= Gatorade Replay =

REPLAY is a program created by Gatorade that restages classic games of various sports between the biggest high school rivalries in the United States. The first official REPLAY game reunited players from the 1993 Easton Area Red Rovers and the Phillipsburg Stateliners to replay a 1993 game that ended in a tie. On April 26, 2009, the Stateliners won the rematch with a 27–12 win.

==First Official REPLAY the Series Game: Easton and Phillipsburg Rivalry==
Separated by the Delaware River, Easton, Pennsylvania, and Phillipsburg, New Jersey, have had a deep-rooted history in football rivalry since 1906. Since then, every Thanksgiving the teams reunite for the rights to the “Fork of the Delaware” trophy.

In 1993, the two teams played a hard fought game that ended in a 7–7 tie.
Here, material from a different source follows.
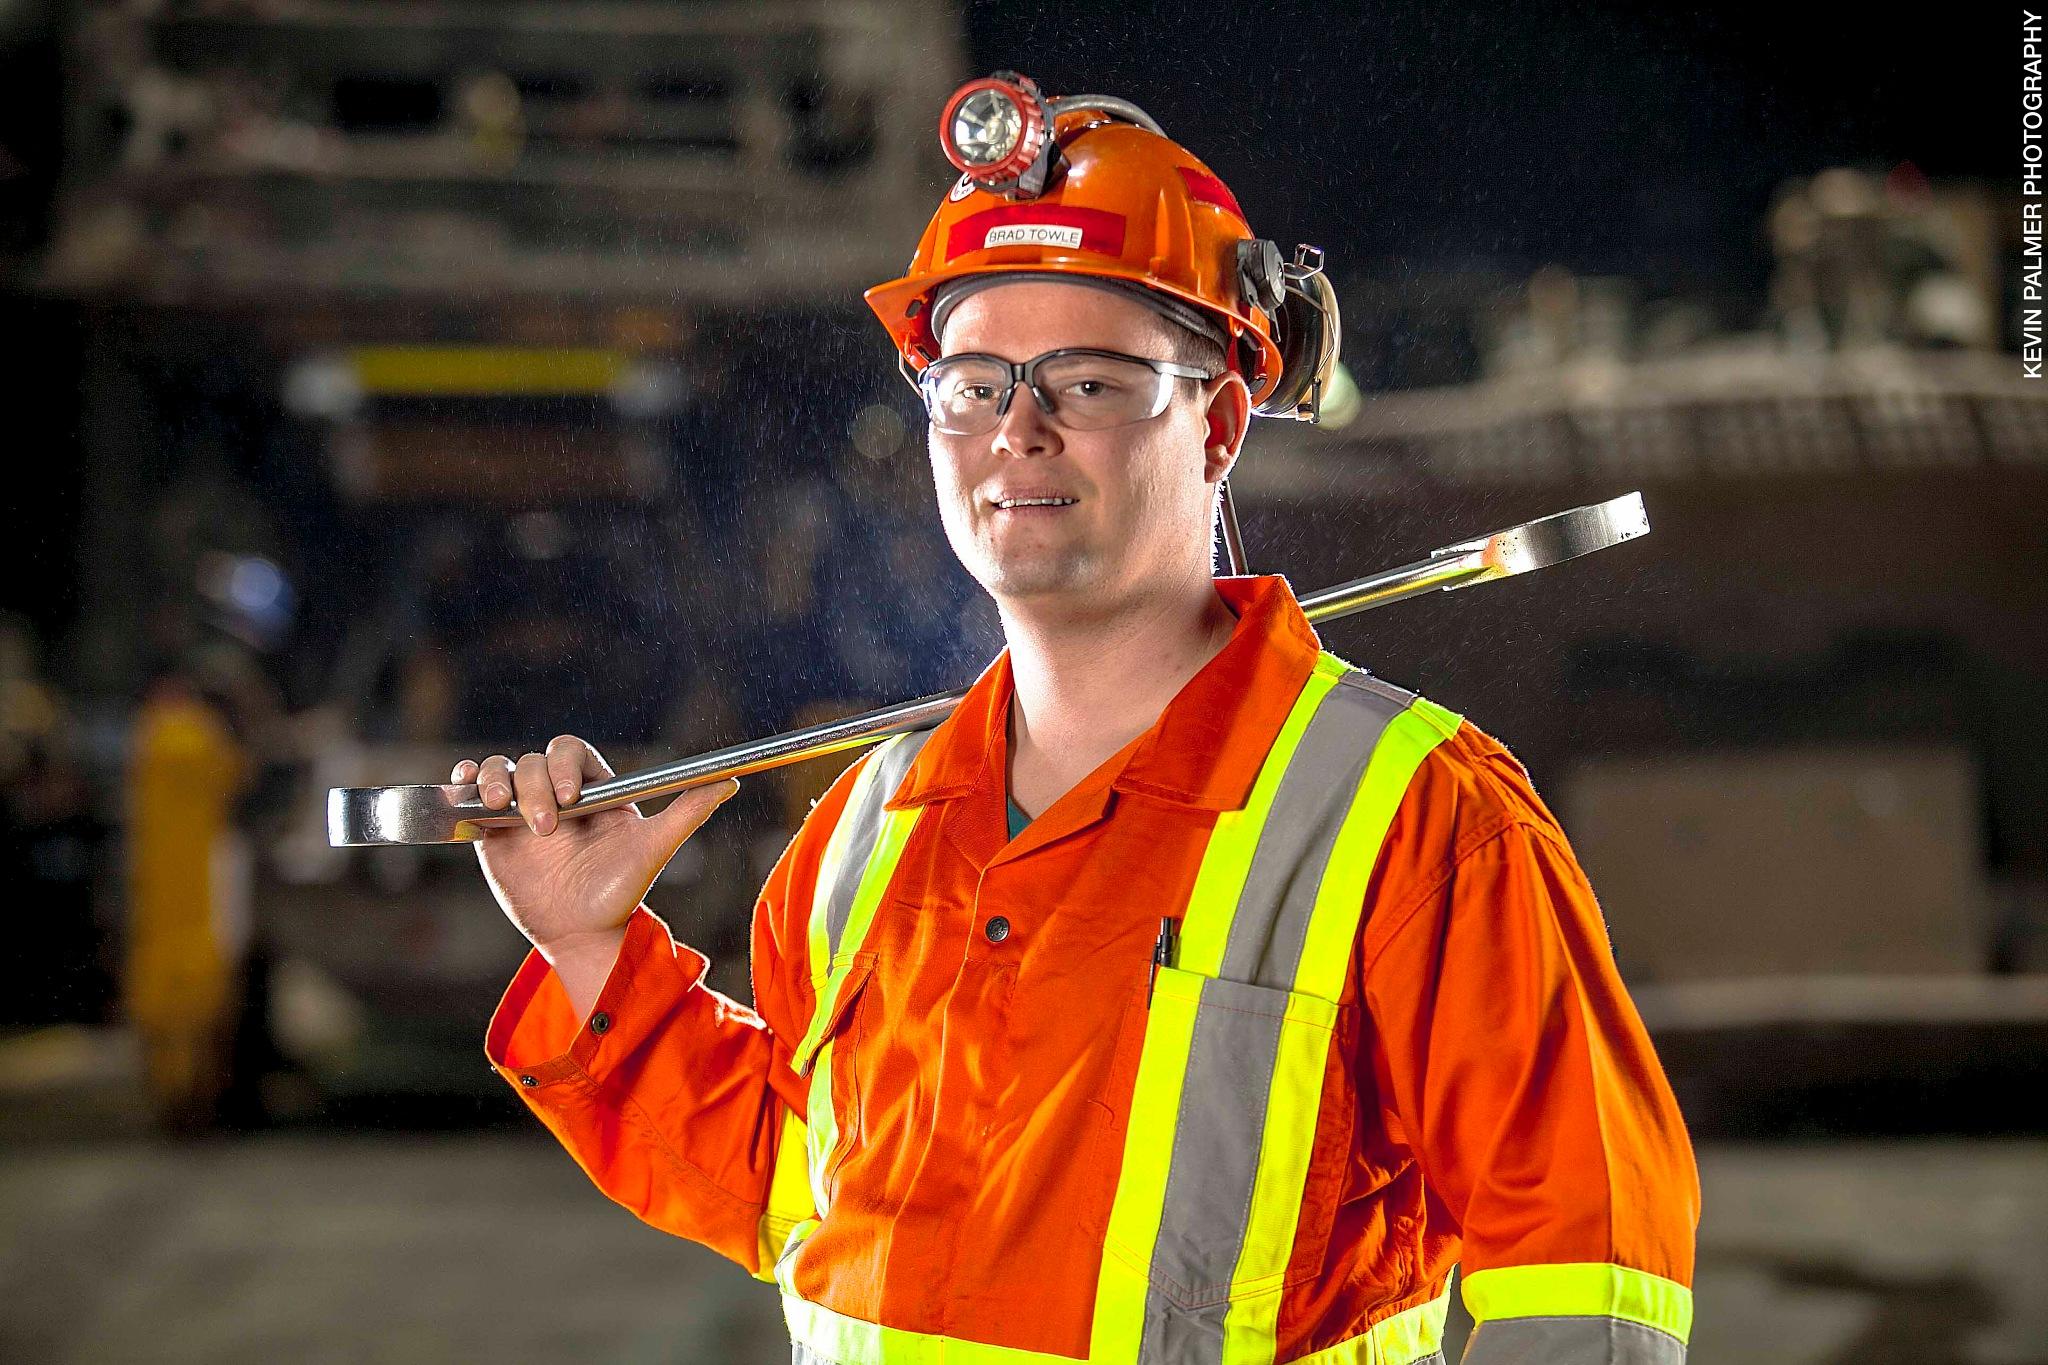 Underground Mechanic @ Mine by Kevin Palmer RPM
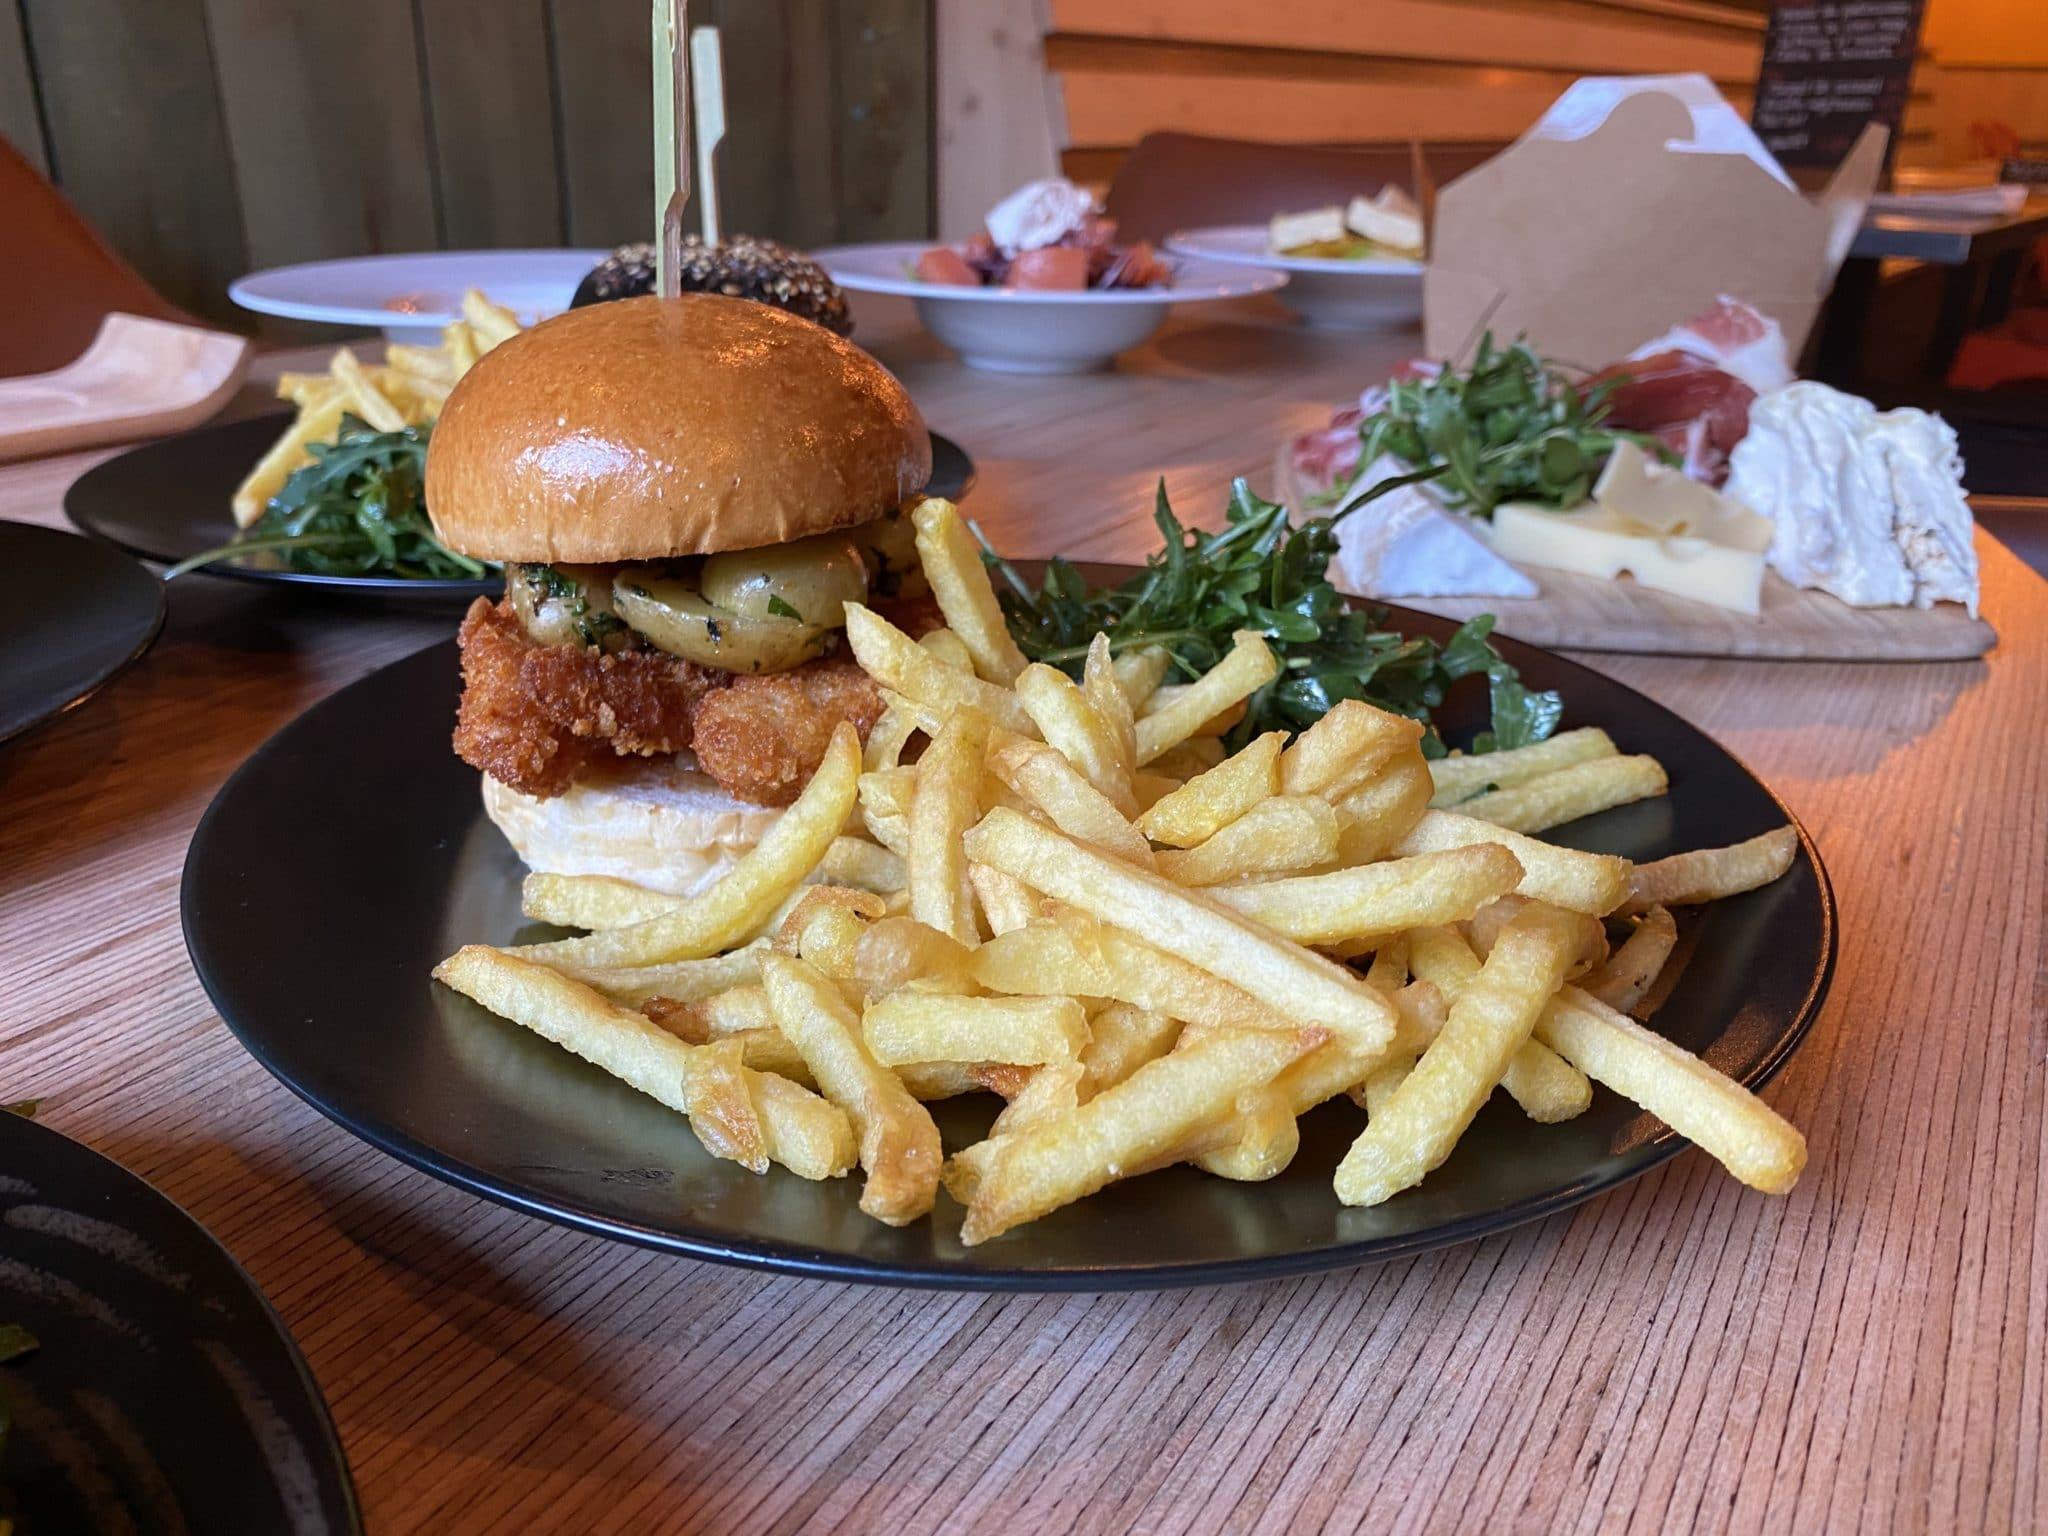 burger frites - fait maison - chef - Vertical'Art Lyon - produits frais - locaux - manger sain

At the time of the REPLAY game, Easton led the series with a record of 57–40–5.

===Training===
Gatorade launched REPLAY in January 2009, bringing together 60 members of the Phillipsburg and Easton teams involved in their 1993 game. The returning players, then 16 years older, came together in a weekend training camp at each school. During this time they began training and practices as well as met with experts from The Gatorade Sports Science Institute (GSSI). Teams also received training from Eagles head coach Andy Reid and all-pro running back, Brian Westbrook at the Eagles’ training facility.

===Game day===
The 104th meeting of the two schools took place at Lafayette College’s Fisher Field on April 26, 2009. Led by honorary coaches, Gatorade athletes and NFL quarterbacks, Peyton and Eli Manning, the teams played in unseasonably warm 90-degree weather in front of 15,000 fans. The Phillipsburg Stateliners broke the 16-year-long deadlock, winning 27–12 over the Easton Red Rovers.

==Gatorade REPLAY, Season Two: Trenton and Detroit Catholic Central Rivalry==
In February 2010, Michigan high school hockey powerhouses and rivals—Detroit Catholic Central Shamrocks and the Trenton Trojans—were announced as the participants in Gatorade REPLAY, season two. The rematch brought together the 1999 teams to replay their game that ended in a 4–4 tie due to a severe injury to one of Trenton’s players.

===Training===
Like REPLAY, Season One, the teams were reunited for eight weeks of comprehensive training and nutrition programming developed in partnership with the Gatorade Sports Science Institute and implemented by experts from Velocity Sports Performance – Canton, Mich. Also reunited were original members of each team’s coaching staffs to help prepare for the full-check, regulation length game.

===Game day===
The Trenton Trojans and Catholic Central Shamrocks met 11 years later on May 9, 2010, to replay the game at the Compuware Arena in Plymouth, Michigan. Mr. Hockey, Gordie Howe, served as the REPLAY Season 2 game day commissioner while Brendan Shanahan and Scotty Bowman served as honorary coaches. The Trojans defeated the Shamrocks 4–2, bringing closure to the 1999 game between the two teams.

==Gatorade REPLAY, Season Three: Bloom and Brother Rice Rivalry==
In June 2010, REPLAY Season Three was announced and will feature two South Side Chicago basketball squads as the newest teams to take part in the award-winning program. Bloom and Brother Rice will reunite to settle the score of their 2000 super sectional game in which Bloom won 42–40 despite a controversial ending involving the game clock. The game is tentatively scheduled to take place in early September.

===Game day===
The original alumni from the Bloom Township and Brother Rice 2000 boys' basketball teams reunited on September 10, 2010 at St. Xavier University’s Shannon Center in Chicago, Illinois. The teams were joined by NBA all-stars Dwyane Wade who served as Bloom's honorary coach and Dwight Howard as Brother Rice's coach. Carlos Boozer also made an appearance as the official REPLAY game day commissioner. The score was settled once and for all as Brother Rice defeated Bloom by a score of 99–93, more than doubling the original score of the 2000 game.

==="We Can Do It Now"===
Chicago natives Common, Jennifer Hudson, Lupe Fiasco and No I.D. joined forces to create the song "We Can Do It Now" inspired by Season 3 of REPLAY which was featured in the documentary which premiered on FOX Sports Net on November 7, 2010.

==Fox Sports Net==
In 2009, Fox Sports Net (FSN) partnered with Gatorade to telecast REPLAY, which originated as a series of online web episodes. Seasons 2 and 3 aired nationally on FSN.